═══ Data ═══
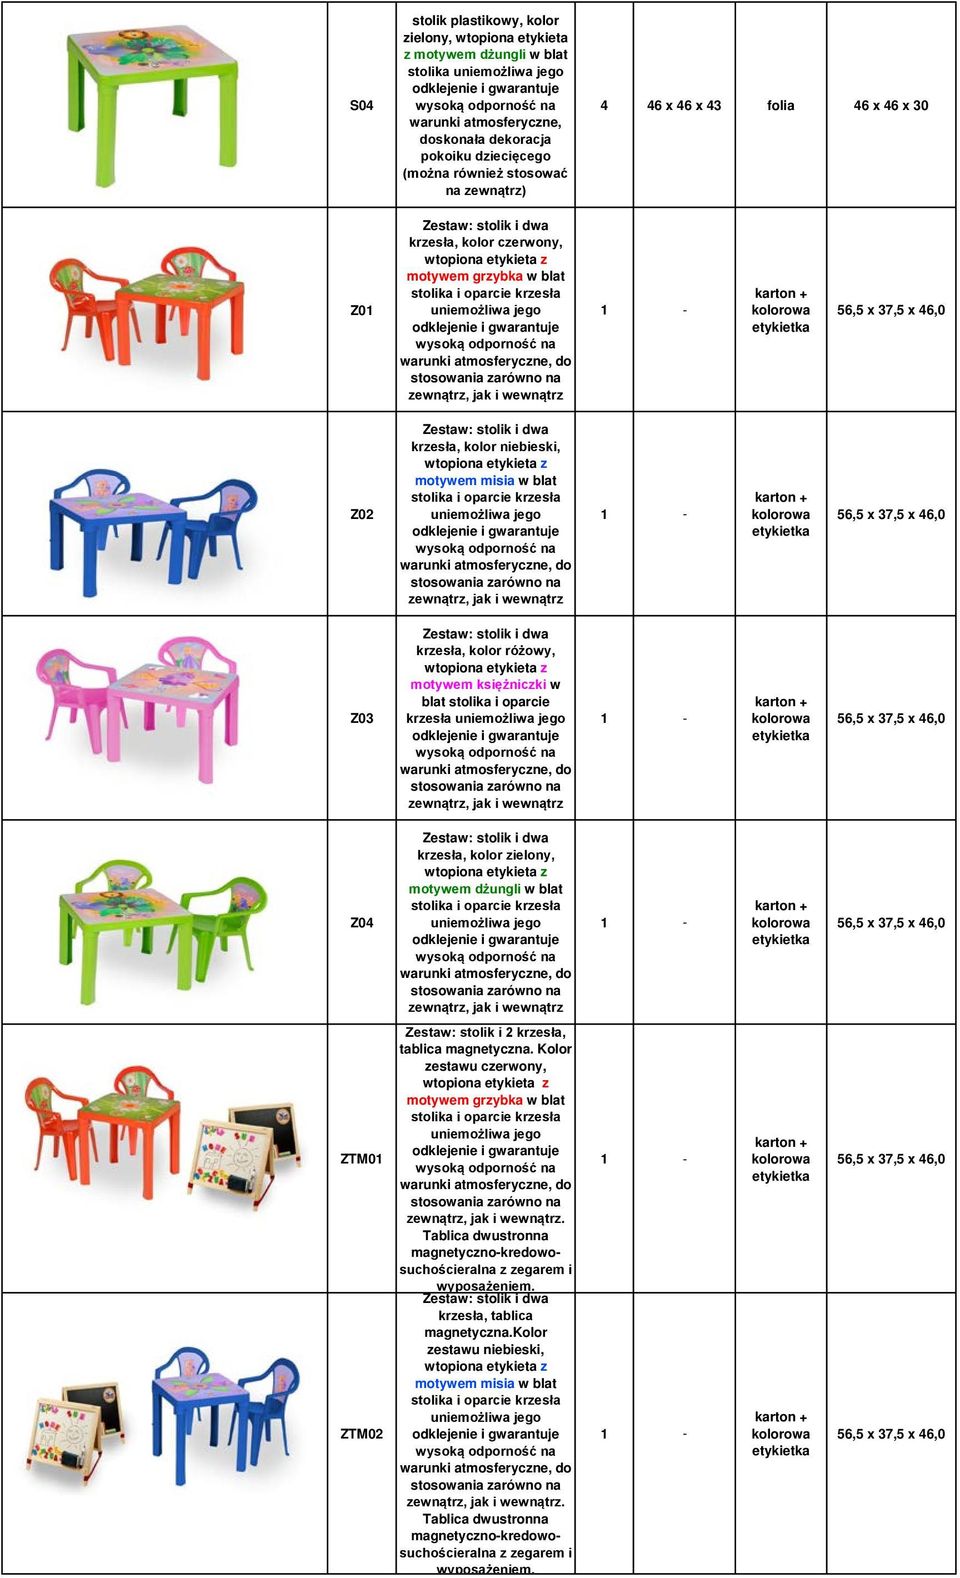 dwa krzesła, kolor różowy, motywem księżniczki w blat stolika i oparcie krzesła zewnątrz, jak i wewnątrz - Z04 Zestaw: stolik i dwa krzesła, kolor zielony, motywem dżungli w blat stolika i oparcie
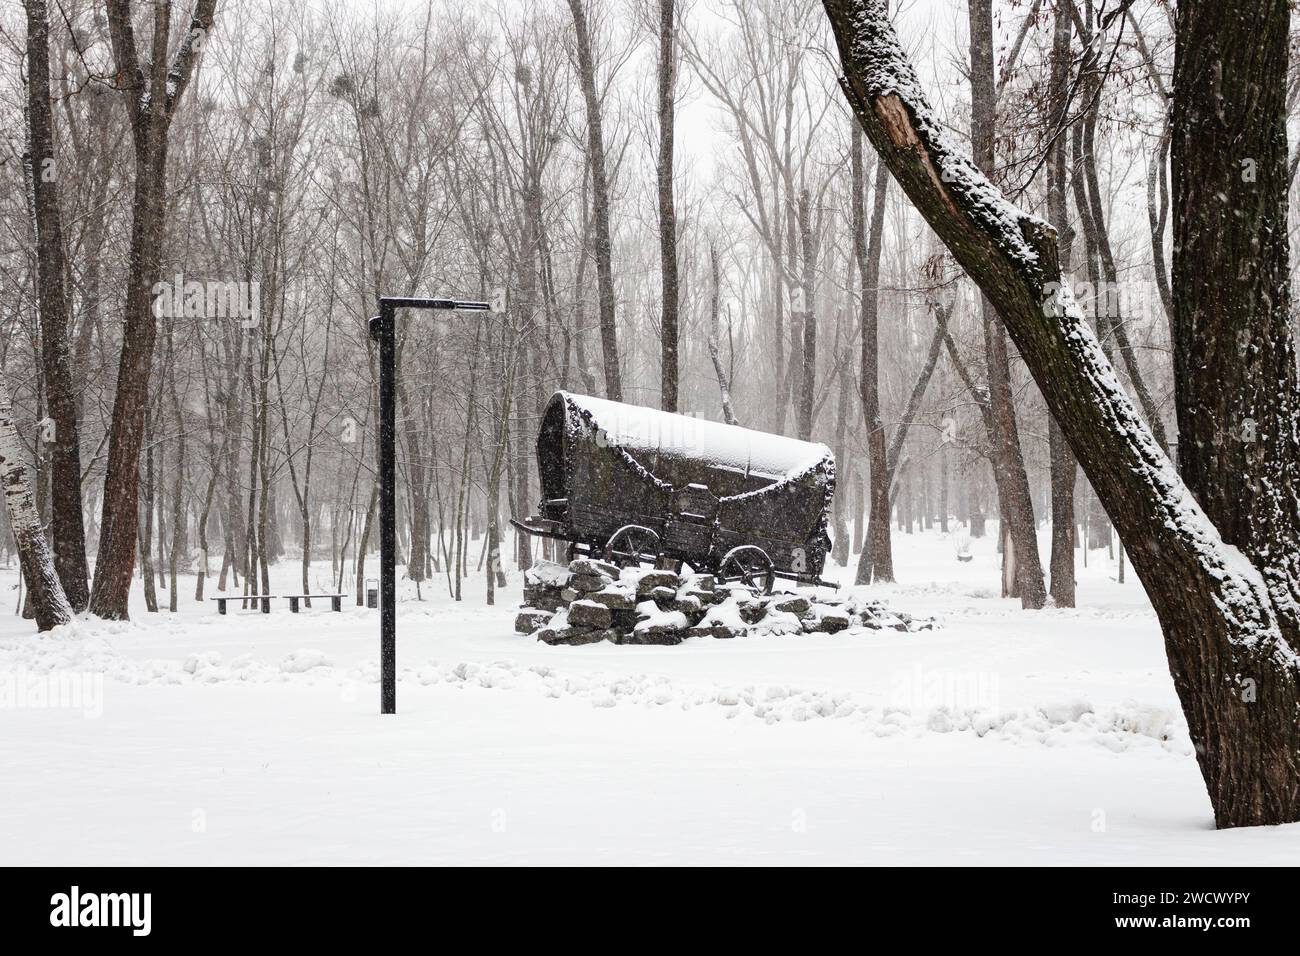 Denkmal des Holocaust der Zigeuner in Babi Jar, Kiew, Ukraine. Zigeunerwagen im Schnee zur Erinnerung an faschistische Opfer. Winterpark im Schneesturm. Wahrzeichen von Kiew. Stockfoto
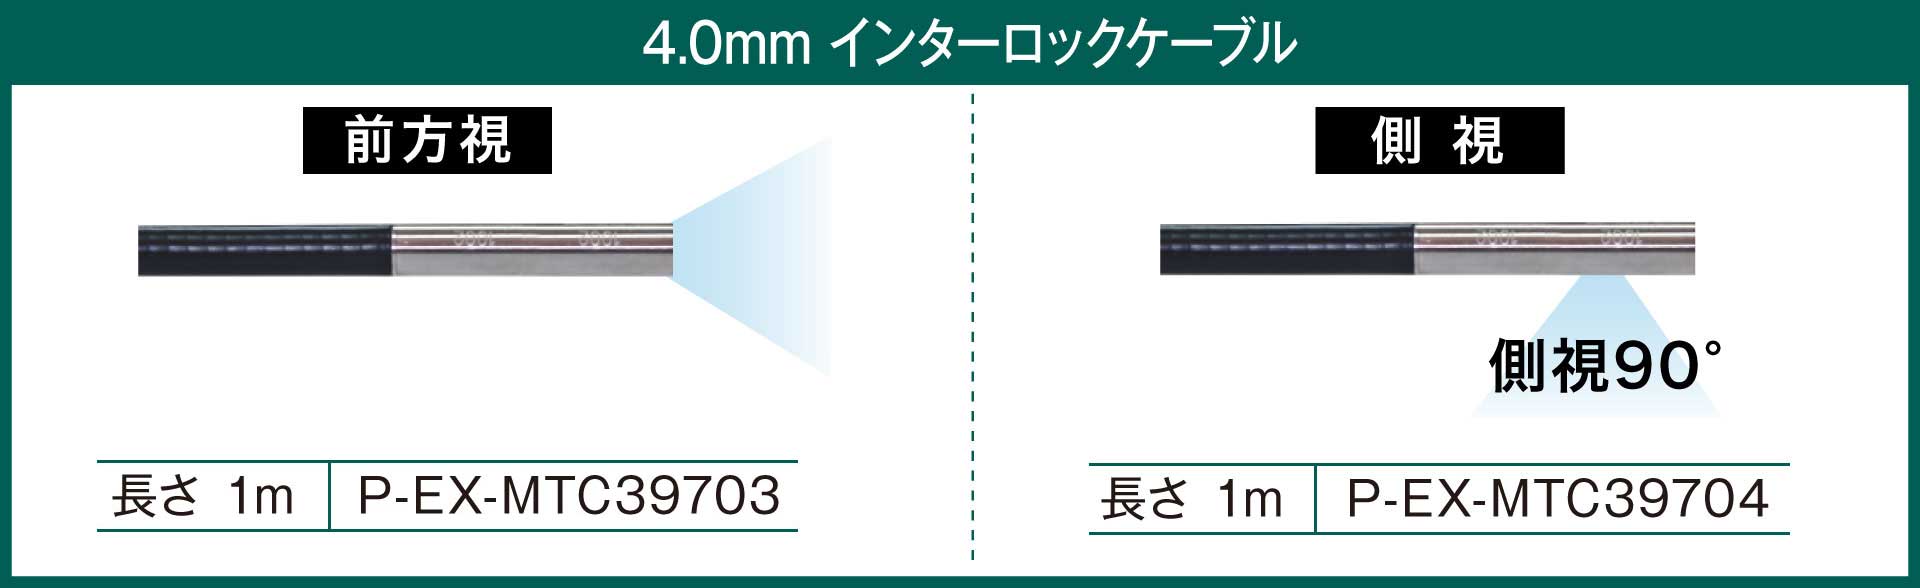 PRO3EX 4.0mm インターロックケーブル
═══
* [About this task]
Give back the material word for word, leaving out its pictures.

* [Problem solution]
 dwa krzesła, kolor różowy, motywem księżniczki w blat stolika i oparcie krzesła zewnątrz, jak i wewnątrz - Z04 Zestaw: stolik i dwa krzesła, kolor zielony, motywem dżungli w blat stolika i oparcie
 Denkmal des Holocaust der Zigeuner in Babi Jar, Kiew, Ukraine. Zigeunerwagen im Schnee zur Erinnerung an faschistische Opfer. Winterpark im Schneesturm. Wahrzeichen von Kiew. Stockfoto
 PRO3EX 4.0mm インターロックケーブル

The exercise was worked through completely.